Did you look at my solution and follow the steps?

Do you see any errors? - Calculus -
**Jessica**, Thursday, October 13, 2011 at 11:03pmI don't see any error, but webwork just says y= , I can't enter anything besides what y is supposed to be. The slope I took was a method I found in my book but it only says that, how to take the slope, and I don't even know if I had that right. But I cant enter anything besides the answer for y=.

- Calculus -
**Steve**, Friday, October 14, 2011 at 10:37amLeaving things in polar coordinates is a lot simpler here.

if r = f(t)

dy/dx = [f'(t)*sin(t) + f(t)*cos(t)] / [f'(t)*cos(t) - f(t)*sin(t)]

t = π/4

f = 3sin(3t) = 3/√2

f' = 9cos(3t) = -9/√2

sin(t) = 1/√2

cos(t) = 1/√2

dy/dx = (-9/√2 * 1/√2 + 3/√2 * 1/√2)/(-9/√2 * 1/√2 - 3/√2 * 1/√2)

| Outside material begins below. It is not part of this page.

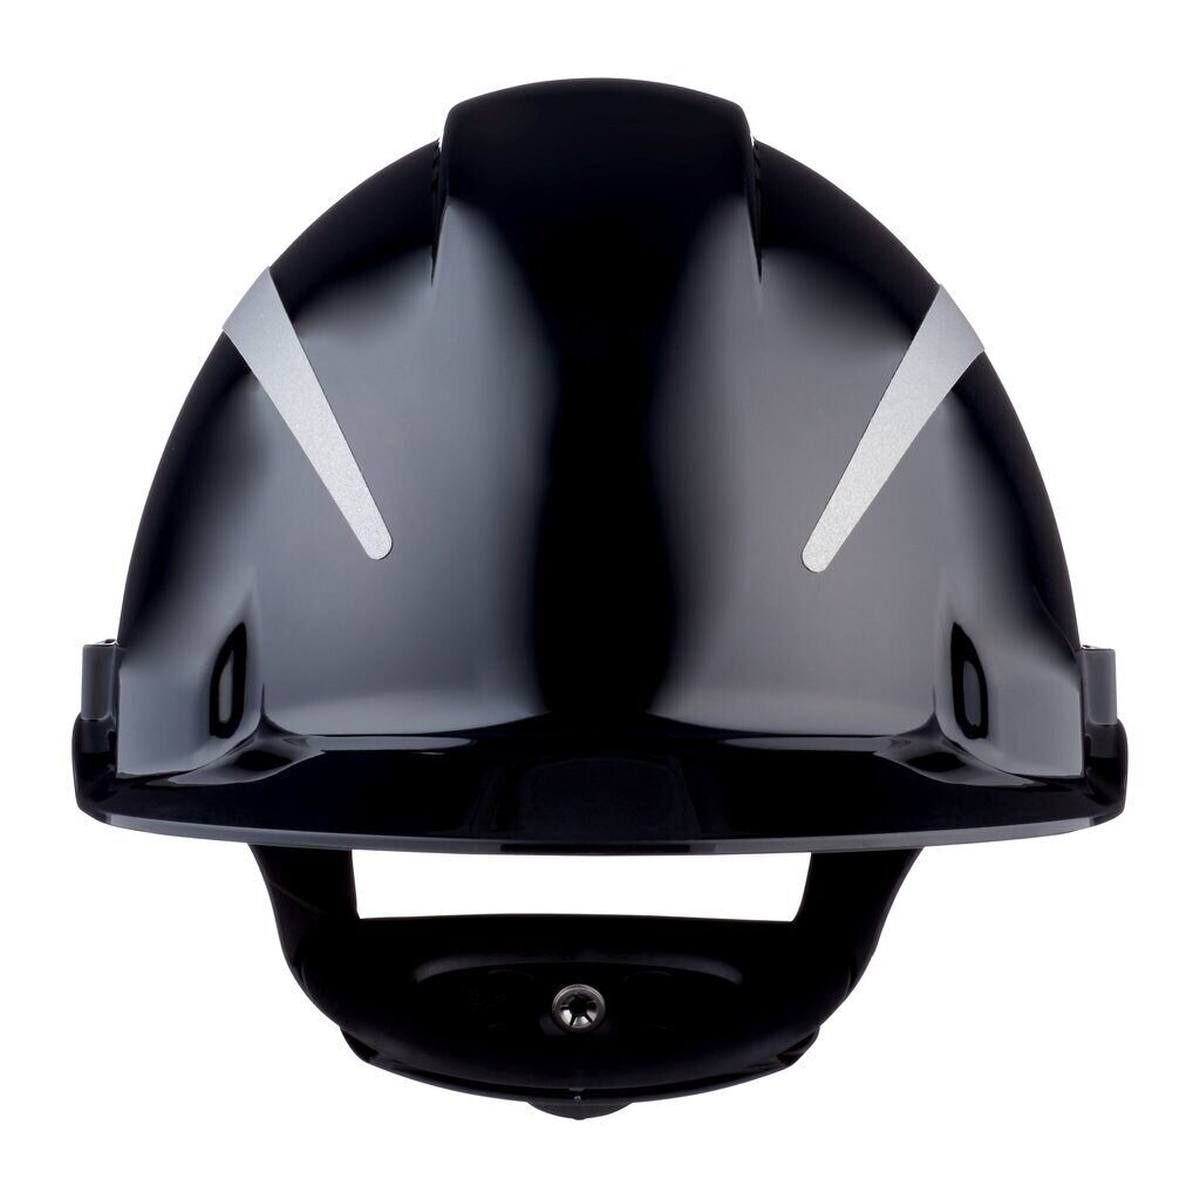 3M Casco de seguridad G3000 con indicador UV, negro, ABS, cierre de trinquete ventilado, banda de sudor de plástico, pegatina reflectante

= (-6/2 +3/2)/(-9/2 - 3/2) = -6/-12 = 1/2

google polar coordinates graphing and the first hit is a nice simple grapher for polar coordinates. Looks like slope = 1/2

So, now we have a point (π/4,3/√2) and a slope: 1/2

y-3/√2 = 1/2(x-π/4) - Calculus -
**MathMate**, Friday, October 14, 2011 at 6:24pmI am not sure I'm right, but it seems to me that:

r=3sin3(theta)

is meant to be interpreted as

r(t)=3sin³(θ),

in which case dy/dx=2.

I do not know why, but when I started looking at it, I did the same interpretation of 3θ.